**ABOUT THIS EXERCISE:**
Reproduce the data below in full and to the letter, images excepted.

**INFORMATION SUPPLIED:**

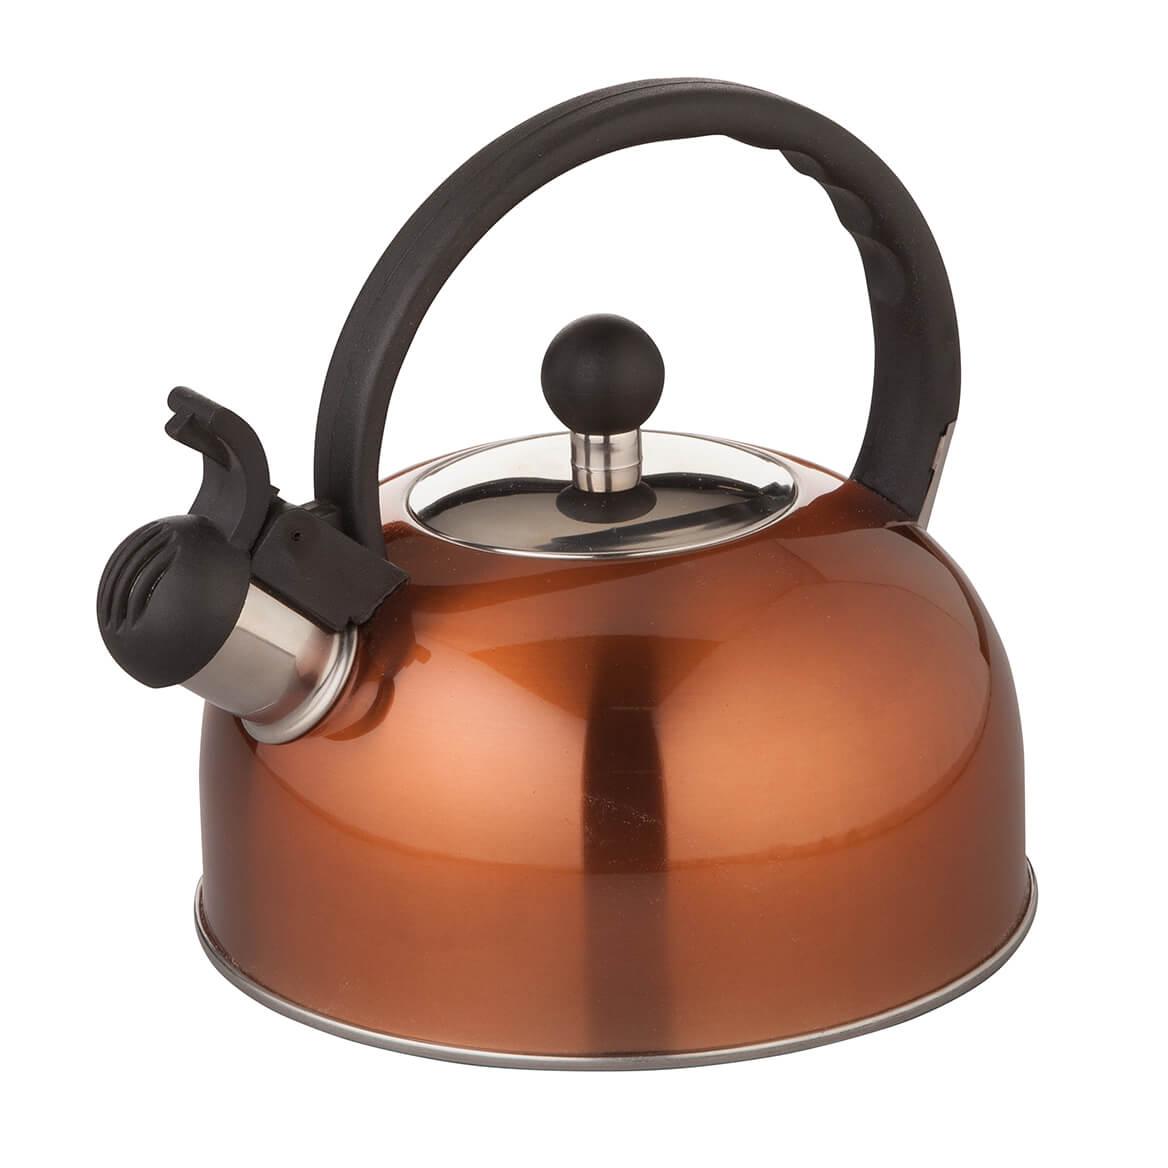 Home Marketplace Copper Color Whistling Tea Kettle-365925
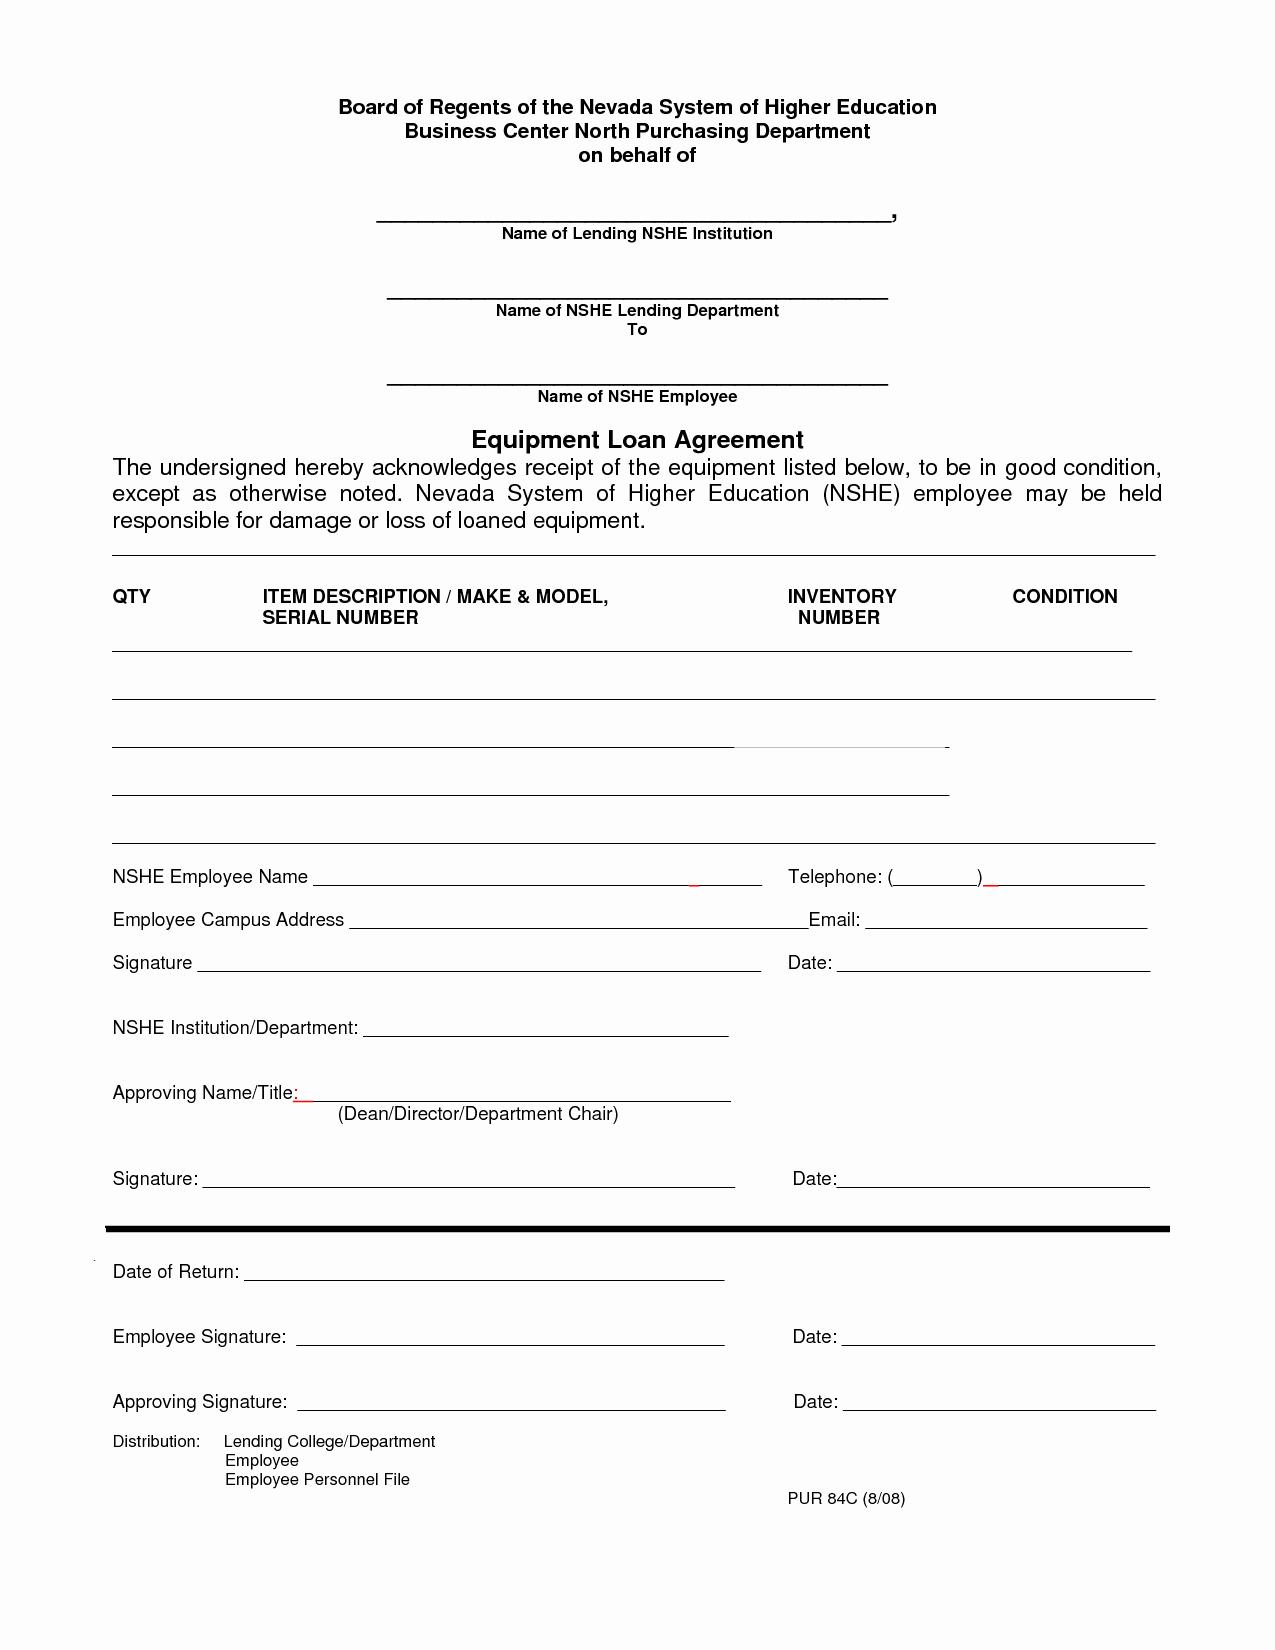 Equipment Loan Agreement Template Inspirational 10 Best Of Employee Loan Agreement Employee Loan
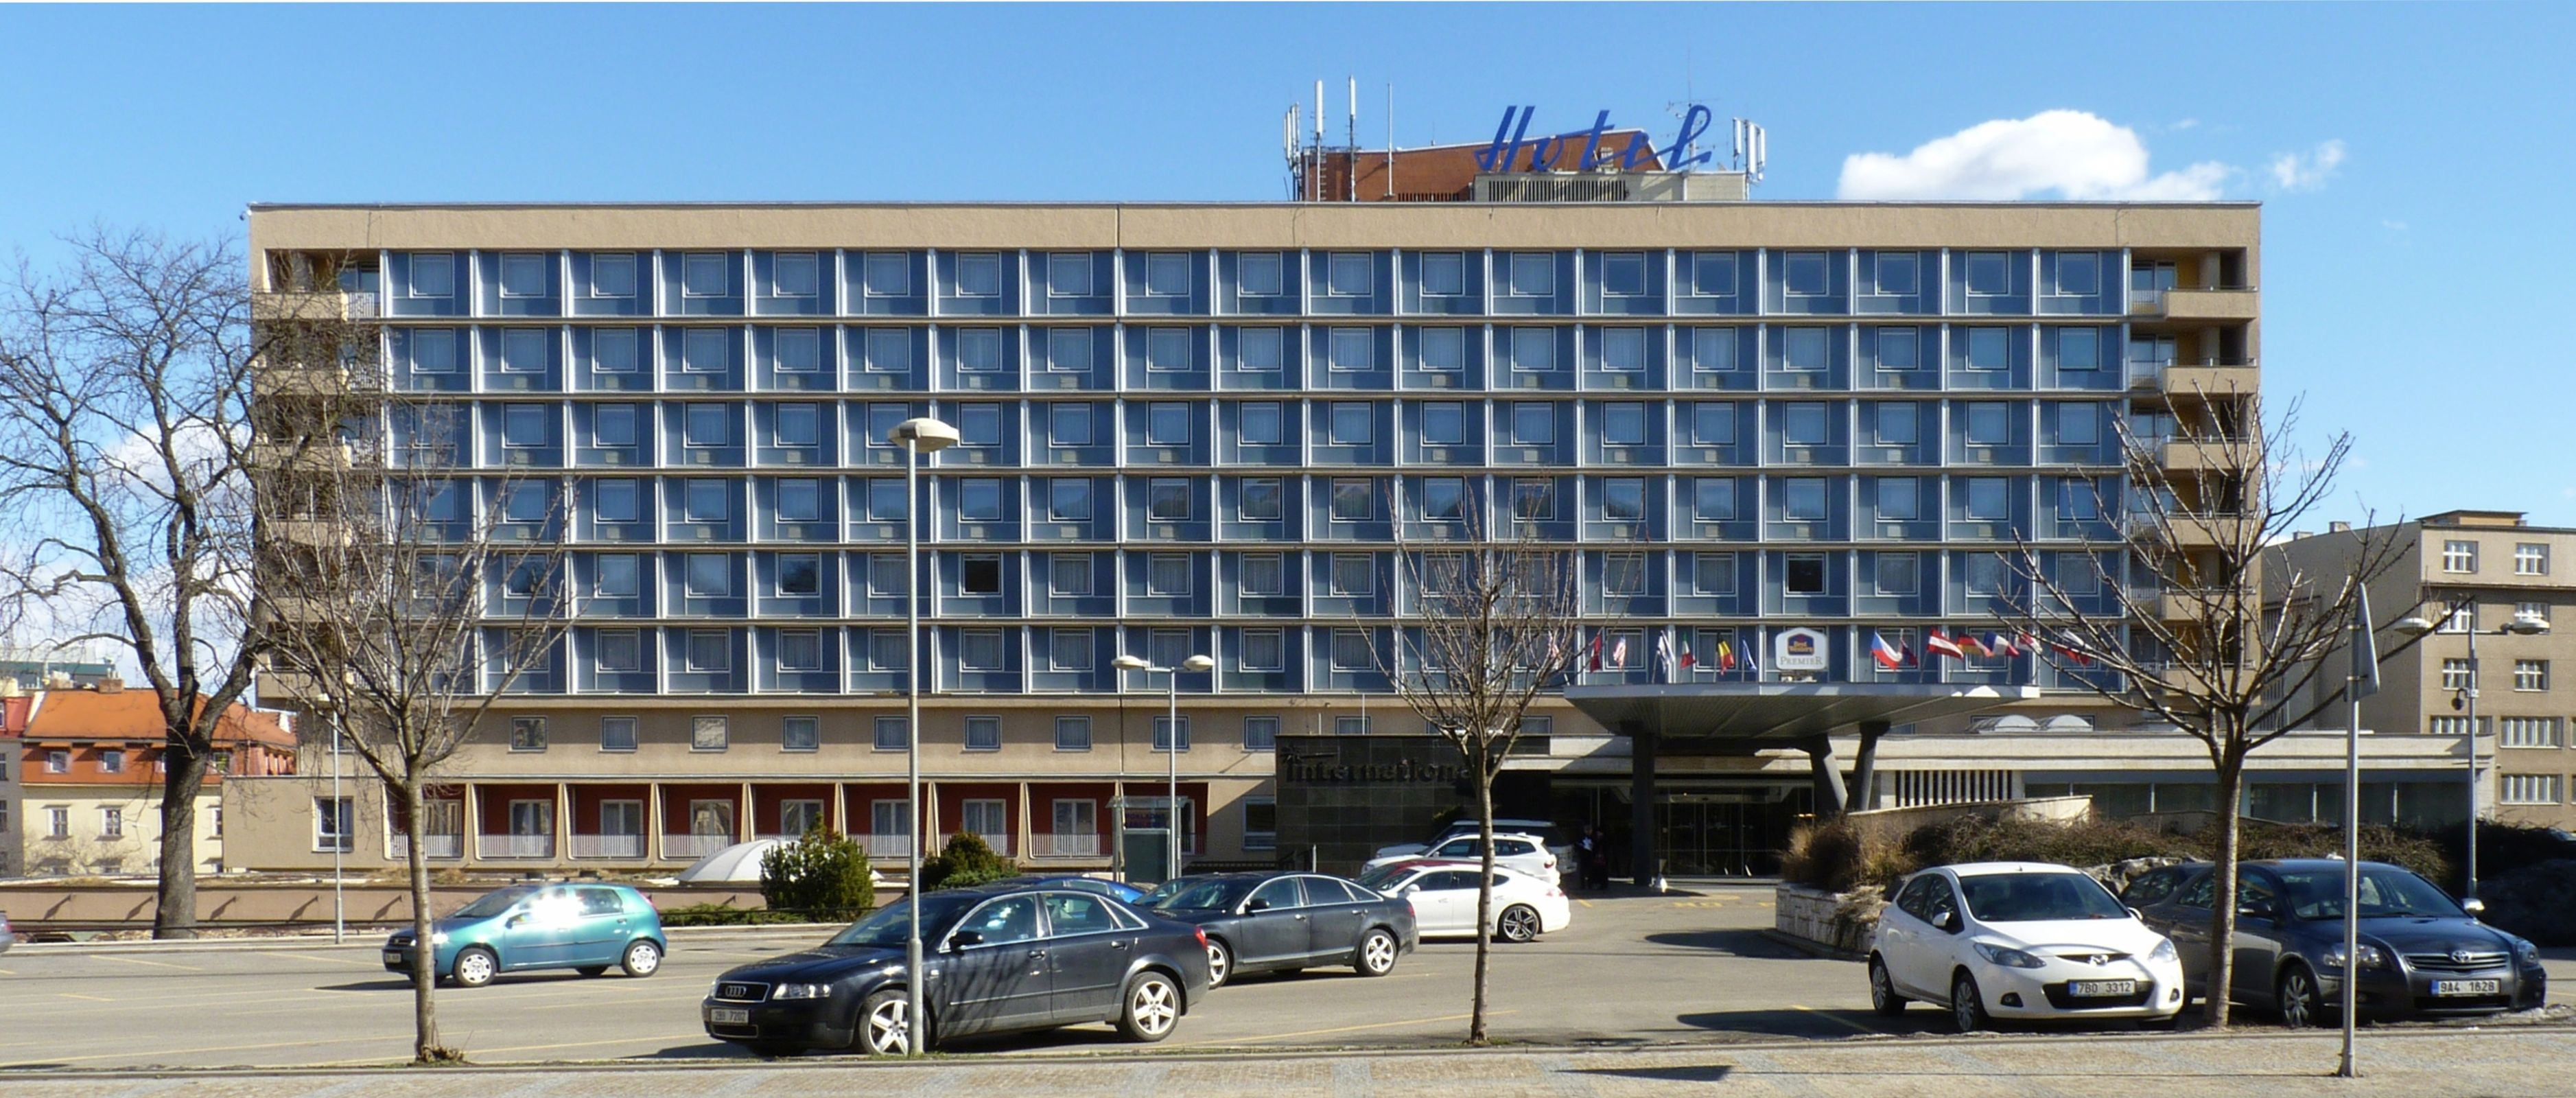 Hotel International in Brno

**RESULT OF THIS EXERCISE:**
 Home Marketplace Copper Color Whistling Tea Kettle-365925
 Equipment Loan Agreement Template Inspirational 10 Best Of Employee Loan Agreement Employee Loan
 Hotel International in Brno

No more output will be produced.